■ **GIVEN INFORMATION**:
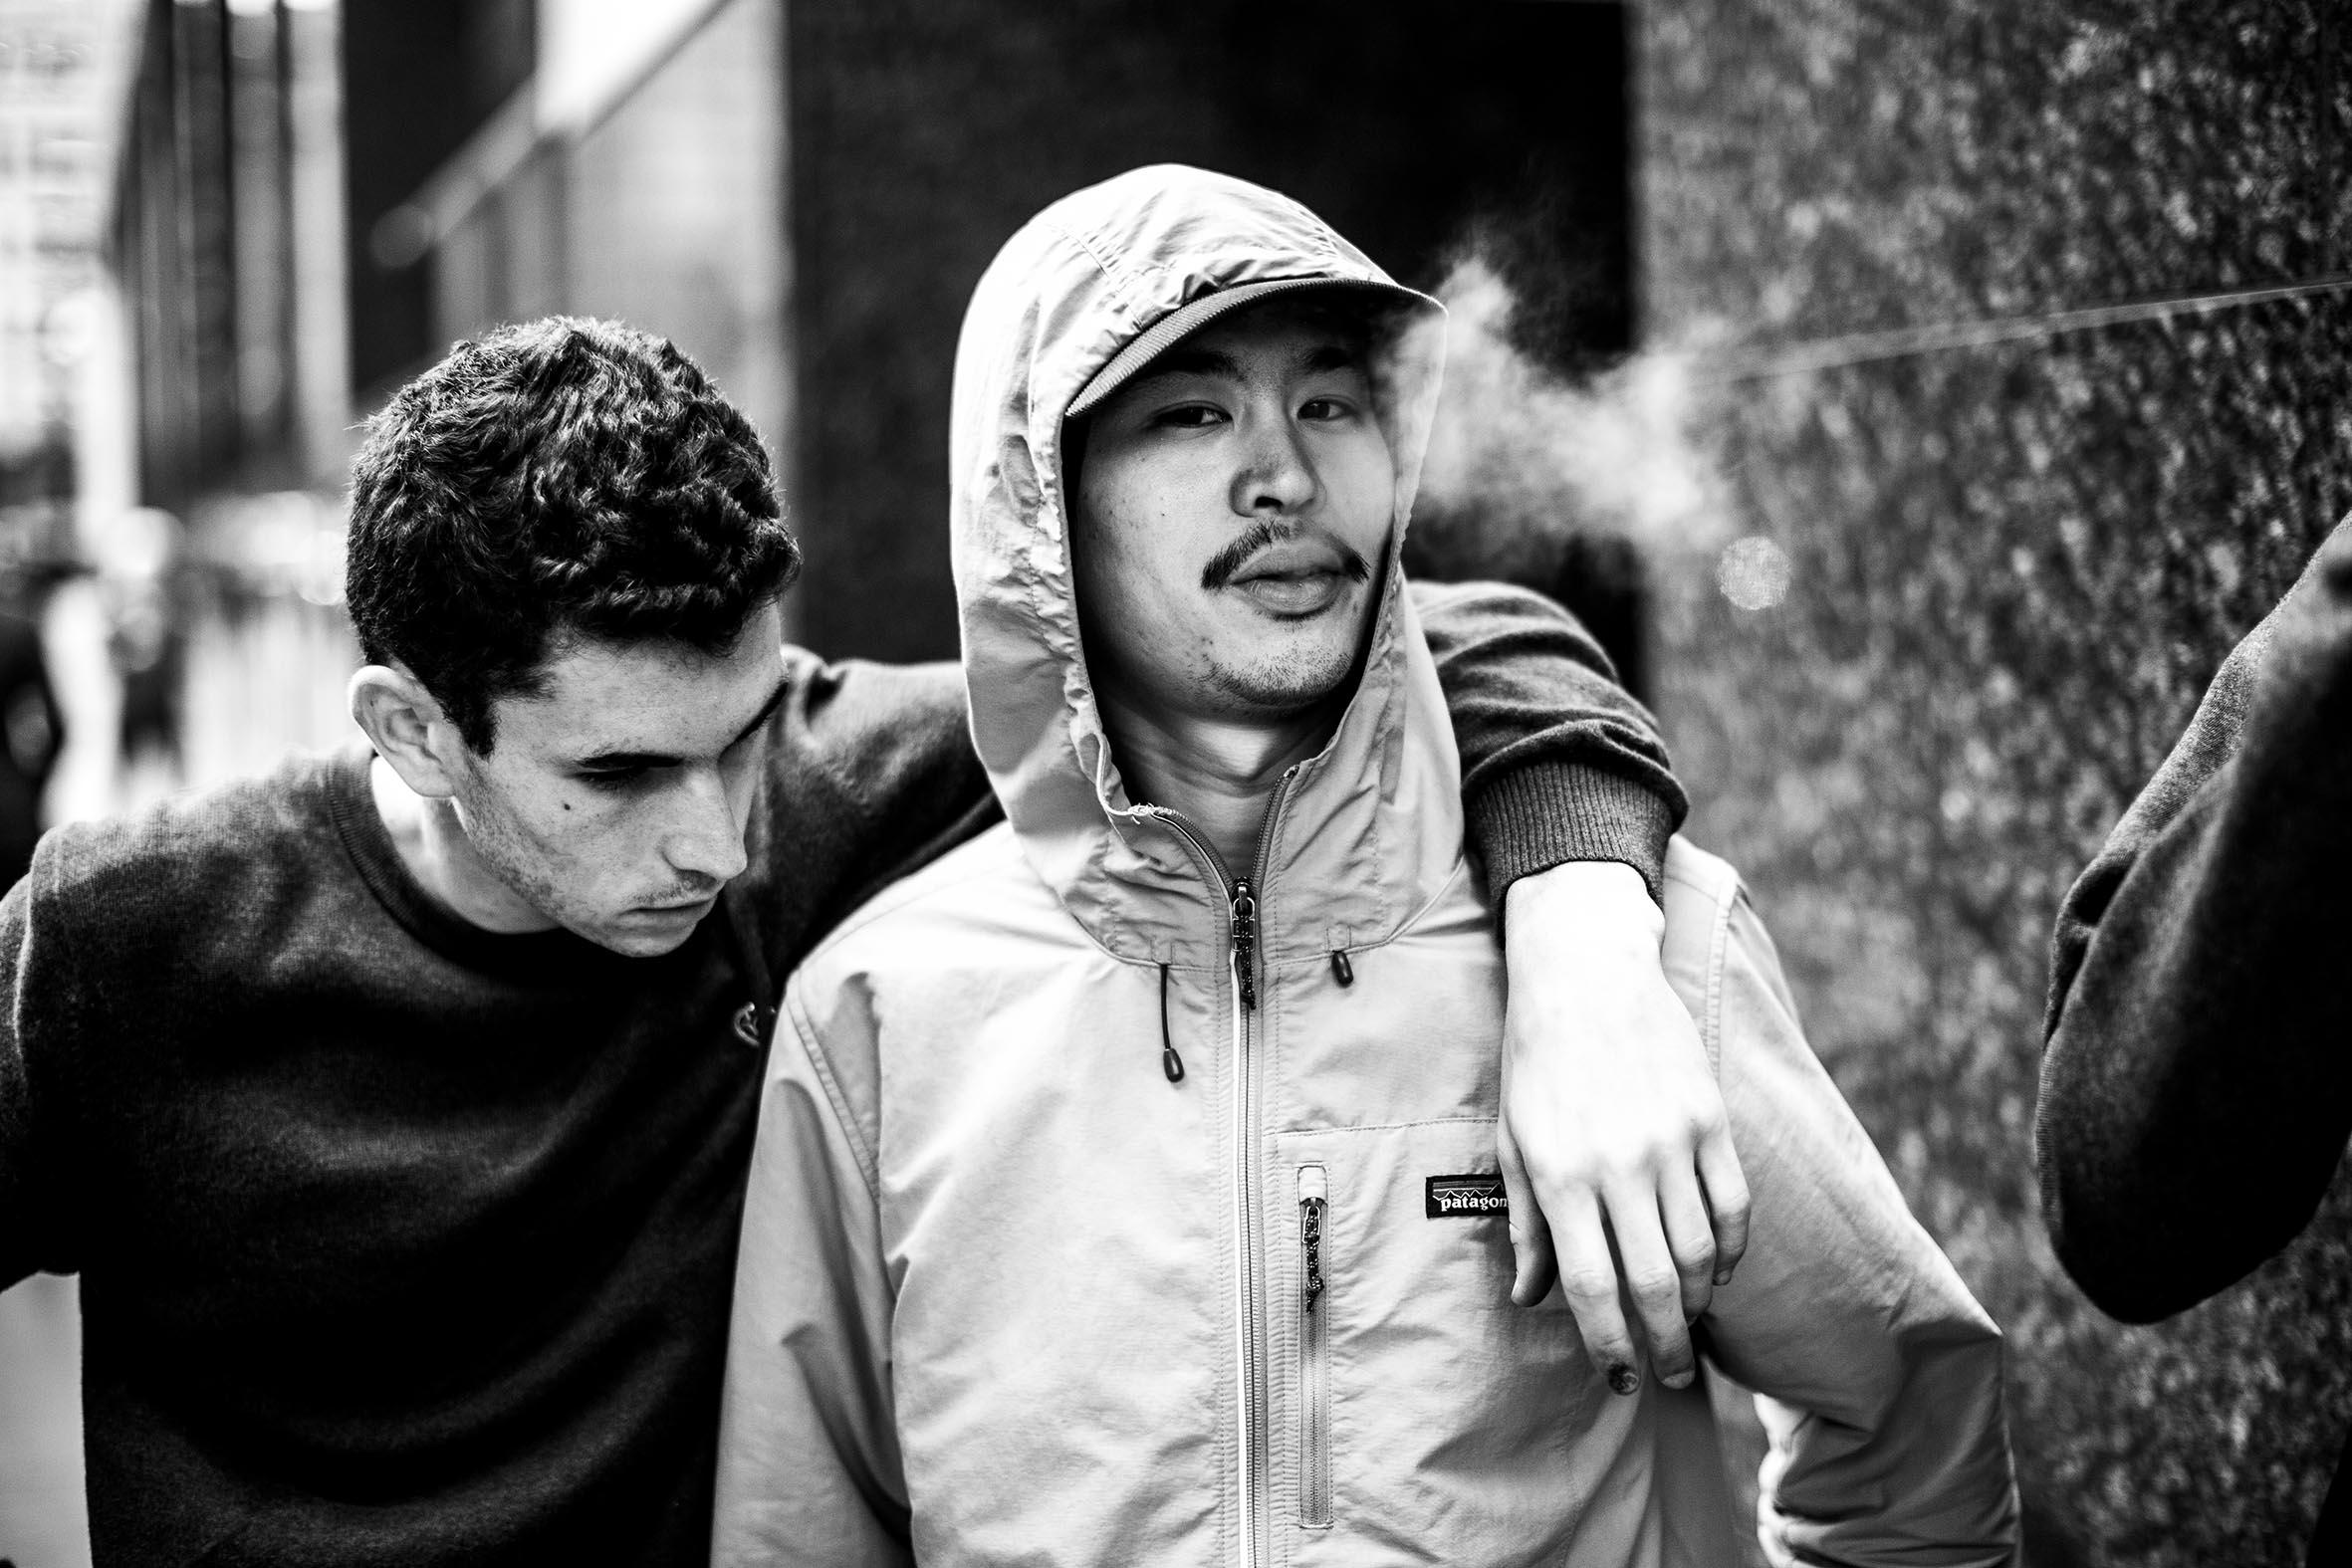 Franky Spears & Justin Albert
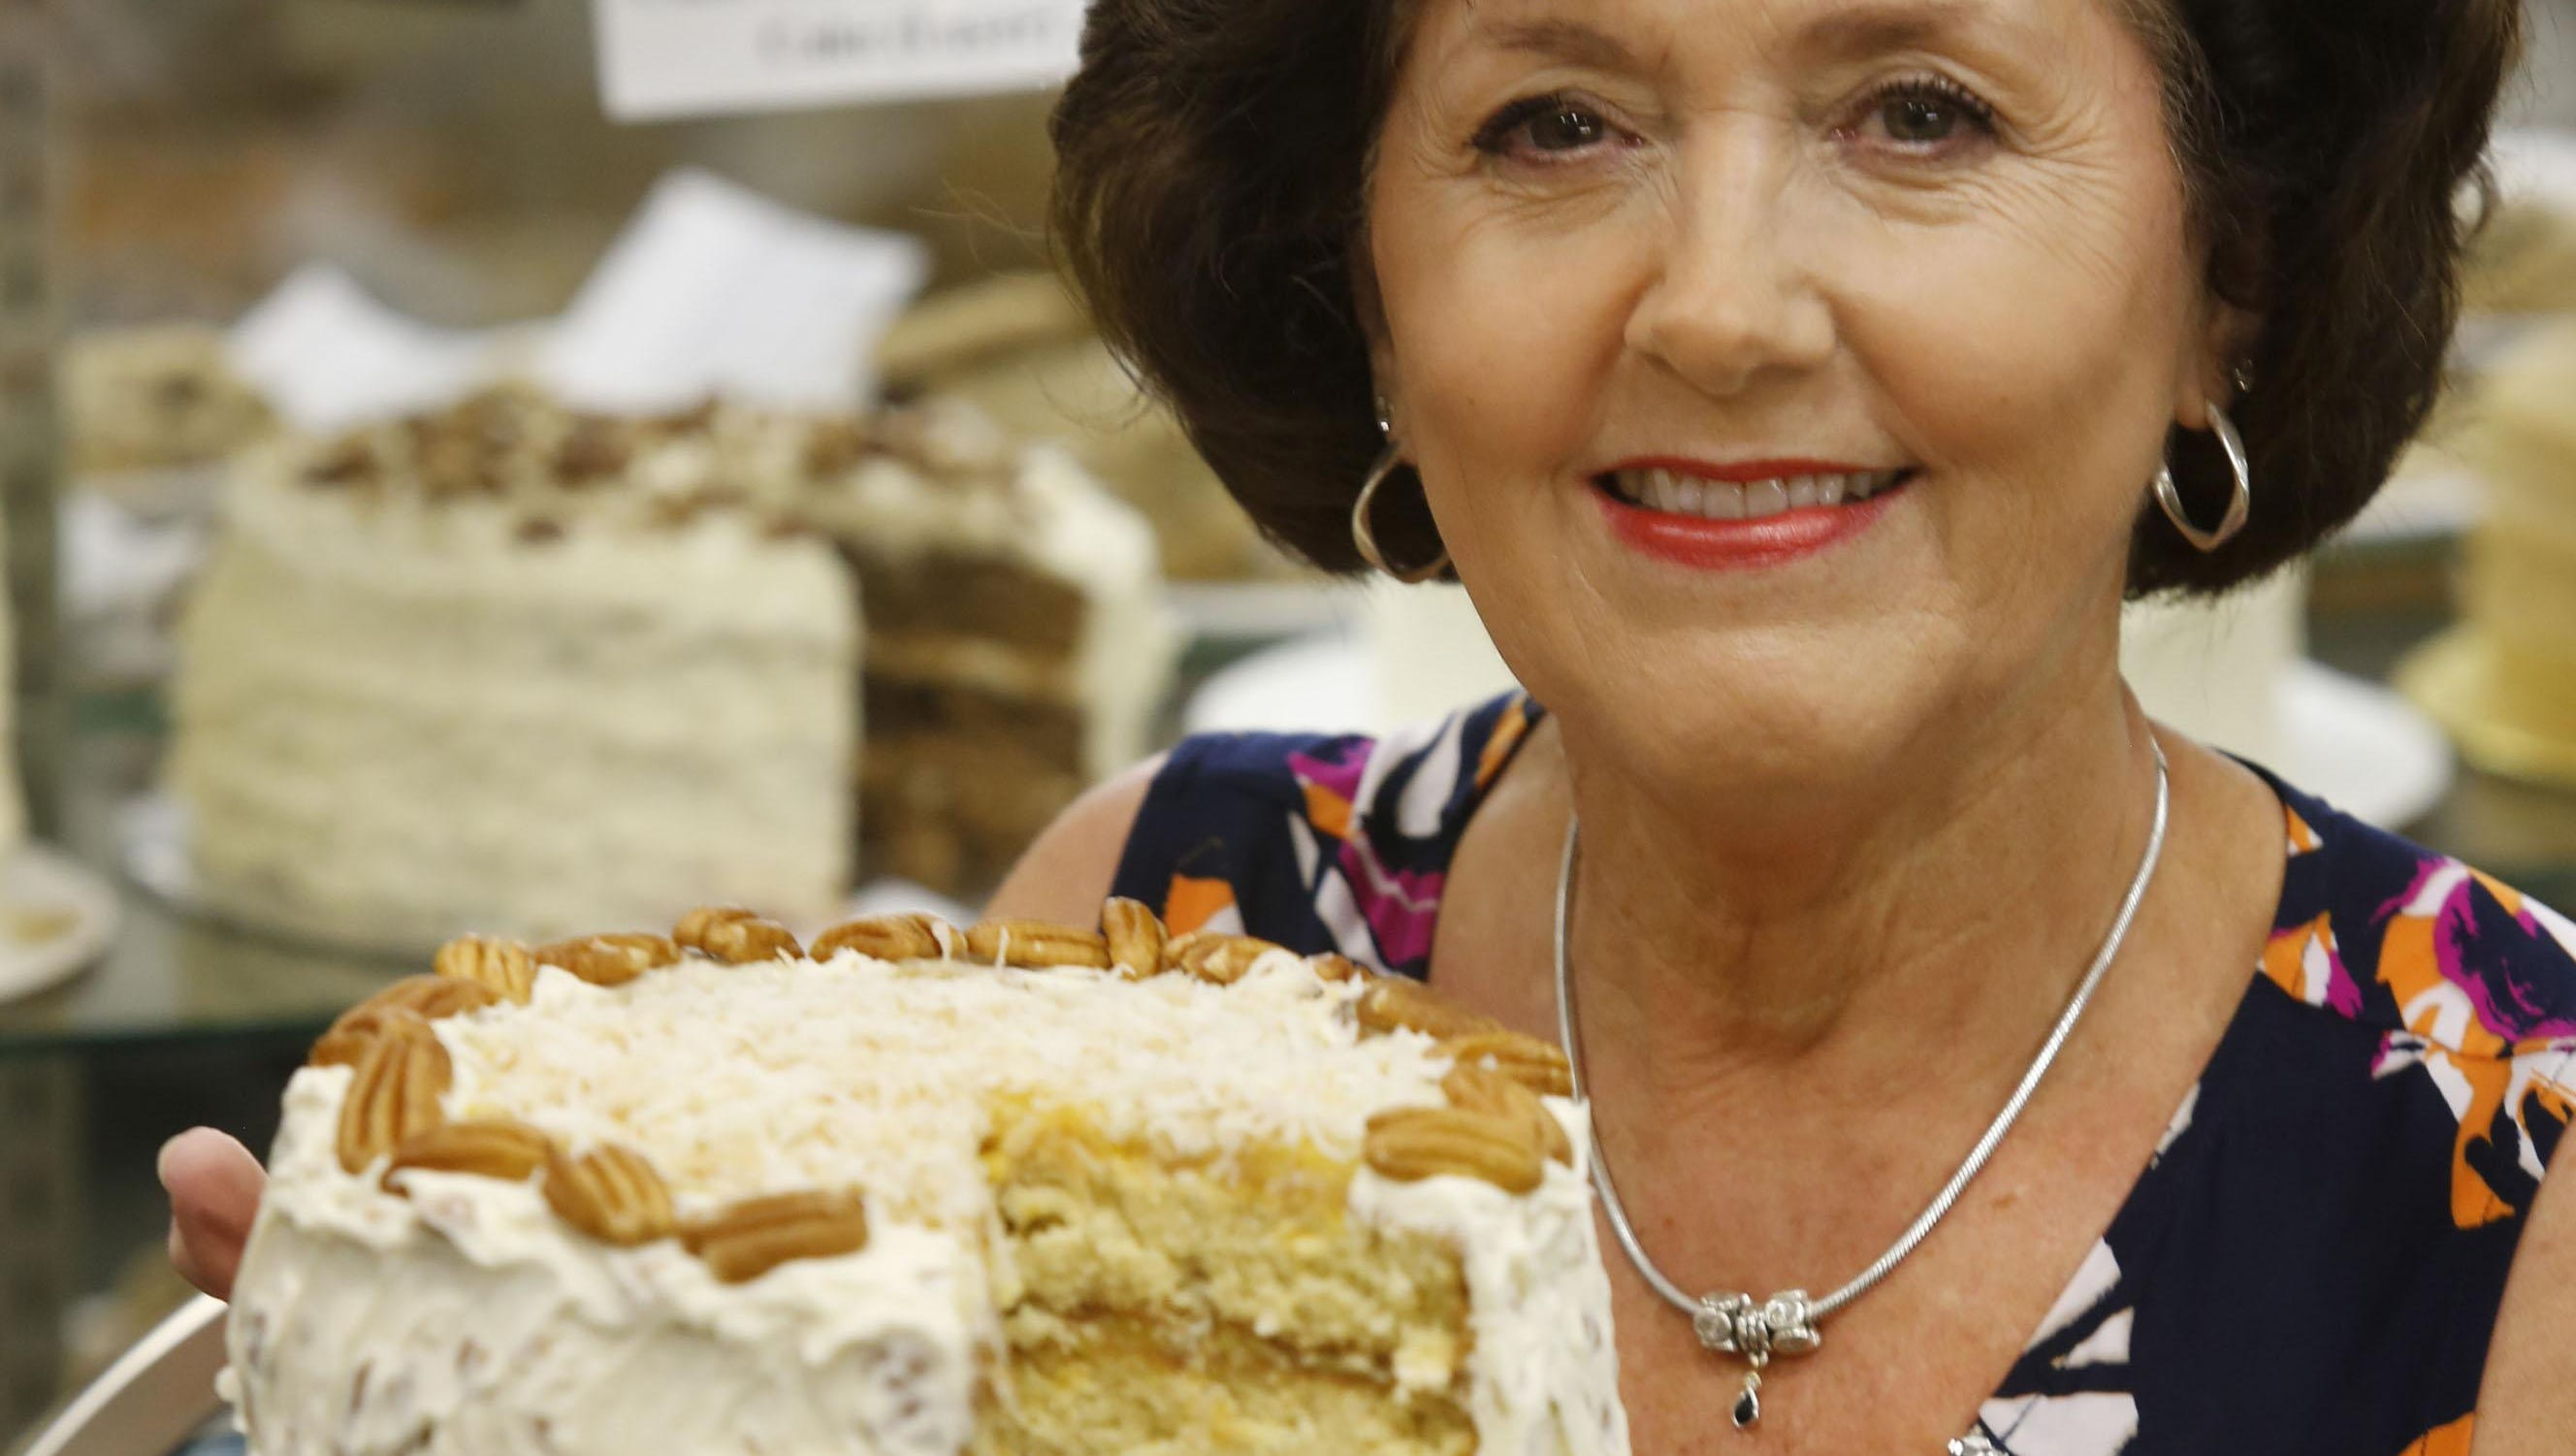 Fair Veteran Rookie Nab Blue Ribbons For Cakes
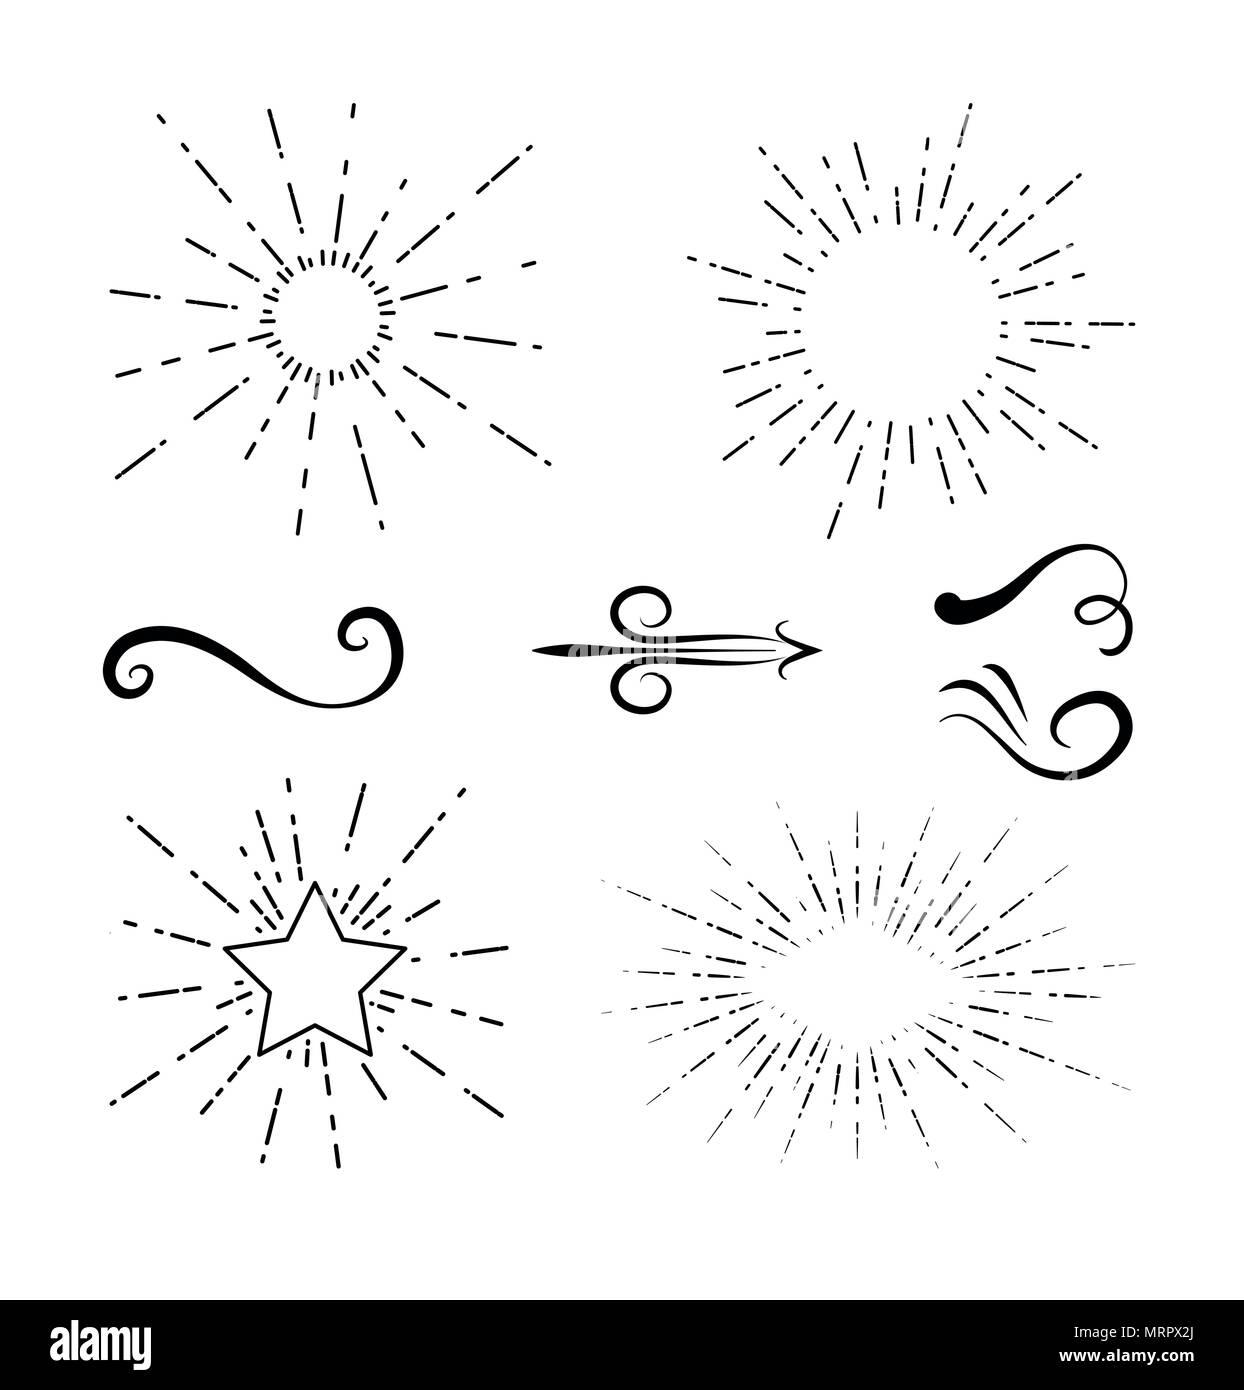 Decorative swirls hand draw - Stock Image

■ **THE TASK**: Leaving every image behind, repeat the data in full and exactly.

■ **EXERCISE ANSWER**:
 Franky Spears & Justin Albert
 Fair Veteran Rookie Nab Blue Ribbons For Cakes
 Decorative swirls hand draw - Stock Image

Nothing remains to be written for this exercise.